Adenoma; Adenomatous Polyps; Brunner Glands; Duodenal Obstruction; Intussusception; Pancreatic Neoplasms; Pancreaticoduodenectomy


Benign tumors of the duodenum are rare. Brunner’s gland adenoma, also known as brunneroma or Brunner’s gland hamartoma constitutes only 10.6% of these tumors [1]. In the literature, only 150 cases of Brunner’s gland adenoma have been reported to date [2]. Most of these adenomas are small and asymptomatic, and are found incidentally during endoscopy. The large or giant variety is uncommon and may present with problems related to their size or location. When symptomatic, they usually present with intestinal obstruction or gastrointestinal bleeding [3]. In rare cases, these giant adenomas may simulate pancreatic or duodenal malignancy, leading to a diagnostic and therapeutic challenge regarding their management [4].

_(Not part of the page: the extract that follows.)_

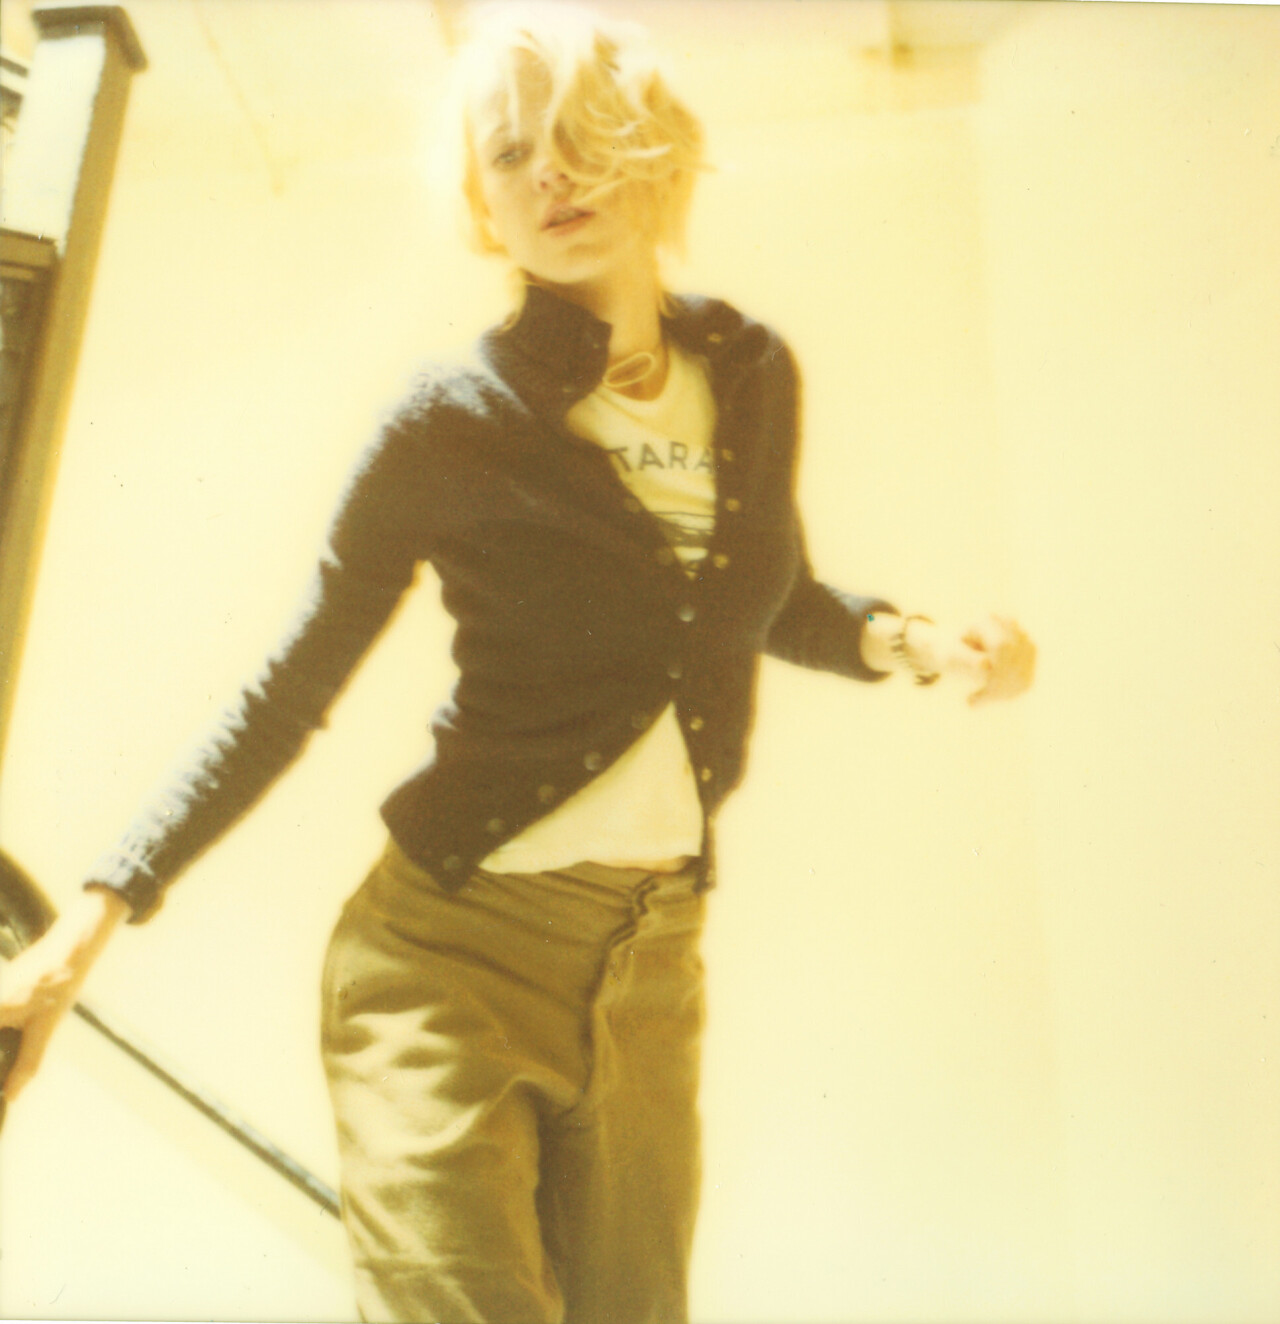 Лила бежит по лестнице (Stay) с Наоми Уоттс в главной роли, 2005 г., полароид. Фотограф Стефани Шнайдер

We herein describe a case of giant Brunner’s gland adenoma arising from the duodenal bulb which presented as a malignancy of the uncinate process of the pancreas along with duodenal and ampullary obstruction.


A 65-year-old female presented with a two-month history of upper abdominal pain, early satiety, nausea, retrosternal burning pain and 3 kg weight loss. There was no history of vomiting, melena, jaundice, anemia or anorexia. Physical and abdominal examinations were unremarkable. Blood investigation revealed elevated serum alkaline phosphatase (418 IU/dL; reference range: 0-270 IU/dL) and gamma-glutamyl transpeptidase (GGT, 209 IU/dL; reference range 0-50 IU/dL) with normal serum bilirubin, serum glutamic oxaloacetic transaminase (SGOT) and serum glutamic pyruvic transaminase (SGPT). Other blood parameters, including hemoglobin and tumor markers, such as carcinoembryonic antigen (CEA) and carbohydrate antigen 19-9, were within the normal limits.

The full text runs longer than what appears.